Nibi

From Alliance Doc
Jump to navigation Jump to search
This page is a translated version of the page Nibi and the translation is 14% complete.
Other languages:


Availability: Spring 2025
Login node: to be determined
Globus endpoint: to be determined
Data transfer node (rsync, scp, sftp,...): to be determined
Portal: to be determined

Nibi, the Anishinaabemowin word for water, is the successor of Graham and a general purpose cluster of 134,400 CPU cores and 288 H100 NVIDIA GPUs built by Hypertec, hosted and operated by SHARCNET at University of Waterloo. It is expected that Nibi will come online by July 1, 2025.

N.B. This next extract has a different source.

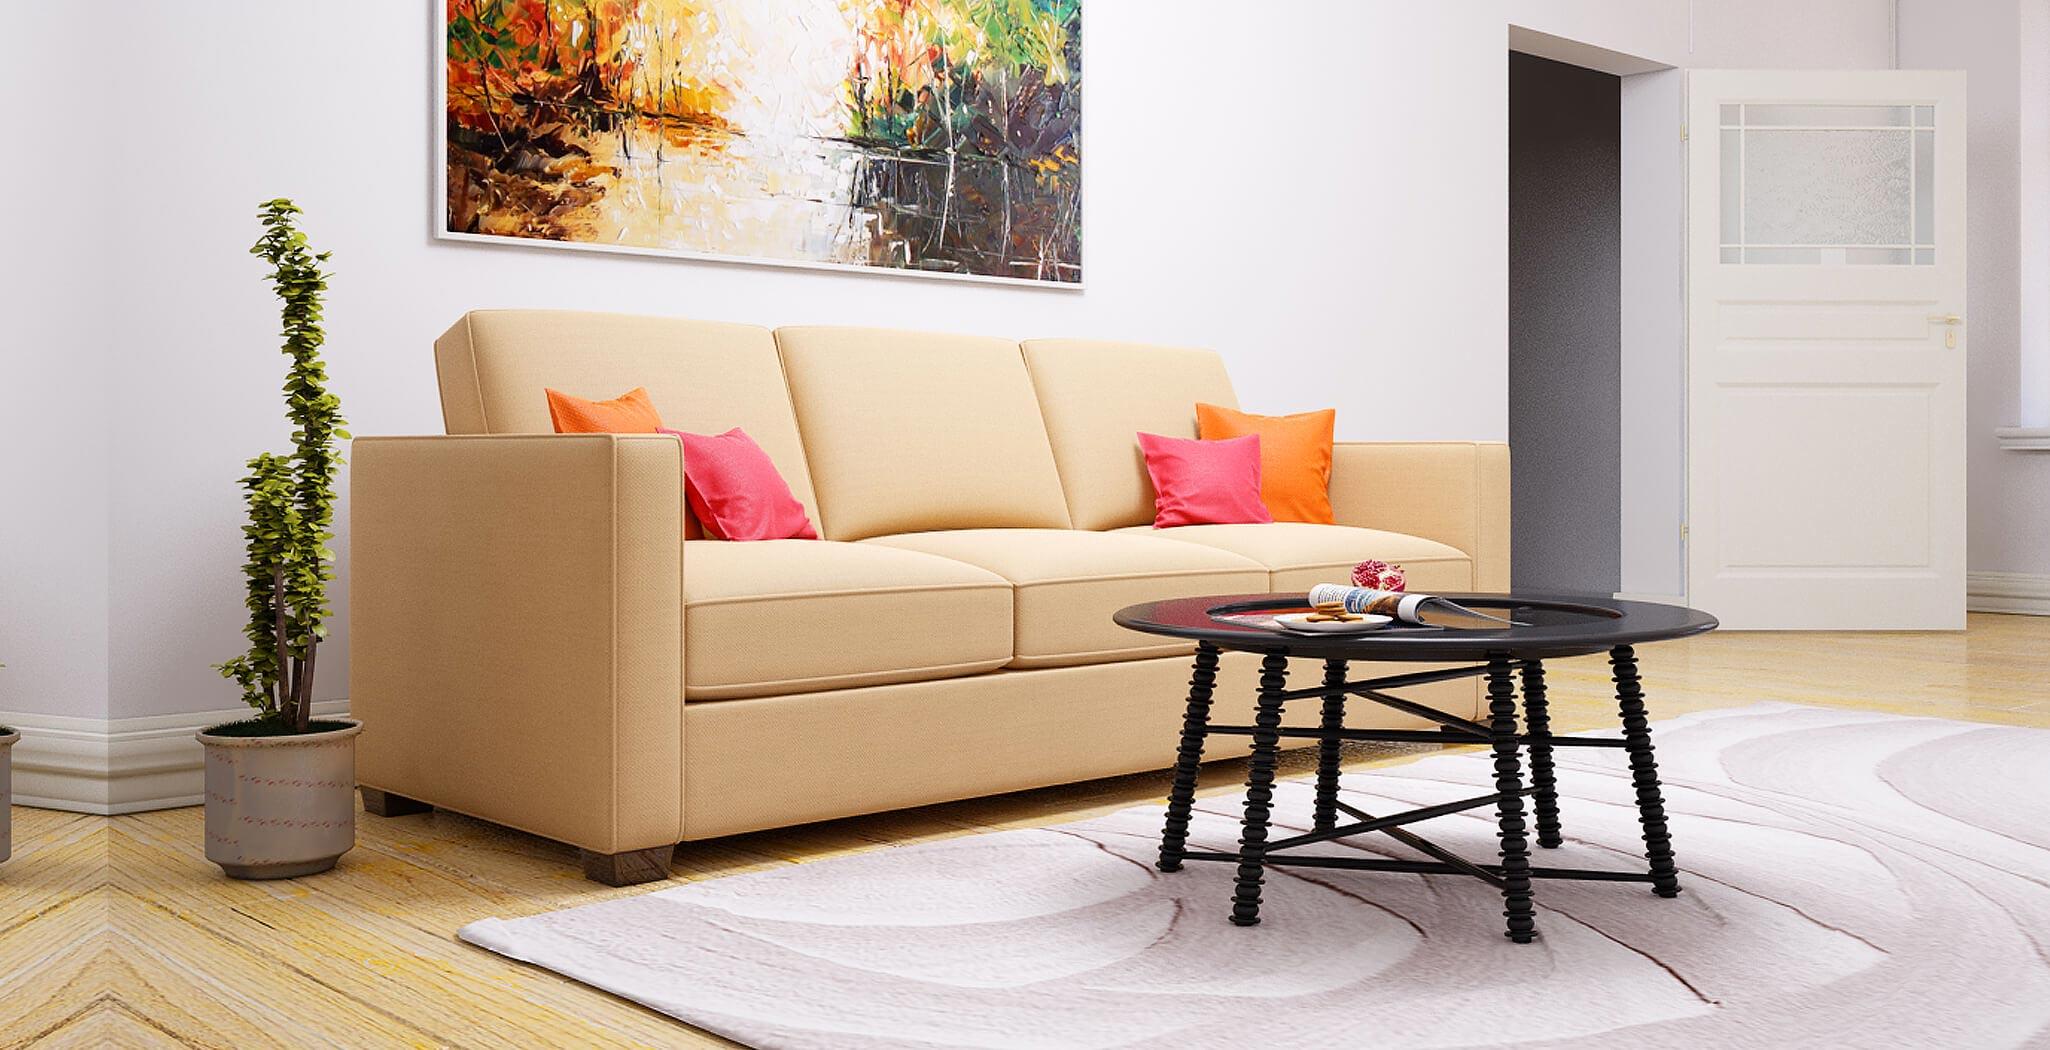 calgary sofa furniture gallery 4

Installation and transition

The data centre hosting the new cluster Nibi is currently under renovation. Due to the limits on available power and cooling capacity, a significantly reduced, small portion of the old cluster Graham will keep operating, yielding power to the new system Nibi’s acceptance testing and transition.

Storage

Parallel storage: 25 petabytes, all SSD flash from VAST Data for home, project and scratch.

Interconnect fabric

  • Nokia 200/400G ethernet
    • 200 Gbit/s network bandwidth for CPU nodes.
    • 400 Gbit/s non-blocking network bandwidth between all Nvidia GPU nodes.
    • 200 Gbit/s network bandwidth between all AMD GPU nodes.
    • 24x100 Gbit/s connection to the VAST storage nodes.
    • 2:1 blocking at 400 Gbit/s uplinks for all compute nodes.

Node characteristics

nodes cores available memory CPU GPU
700 192 768GB DDR5 2 x Intel 6972P @ 2.4 GHz, 384MB cache L3
10 192 6TB DDR5 2 x Intel 6972P @ 2.4 GHz, 384MB cache L3
36 192 1.5TB 1 x Intel 8570 @ 2.1 GHz, 300MB cache L3 8 x Nvidia H100 SXM (80 GB memory)
6 96 512GB 4 x AMD MI300A 16? x AMD CDNA 3 (128 GB HBM3 memory - unified memory model)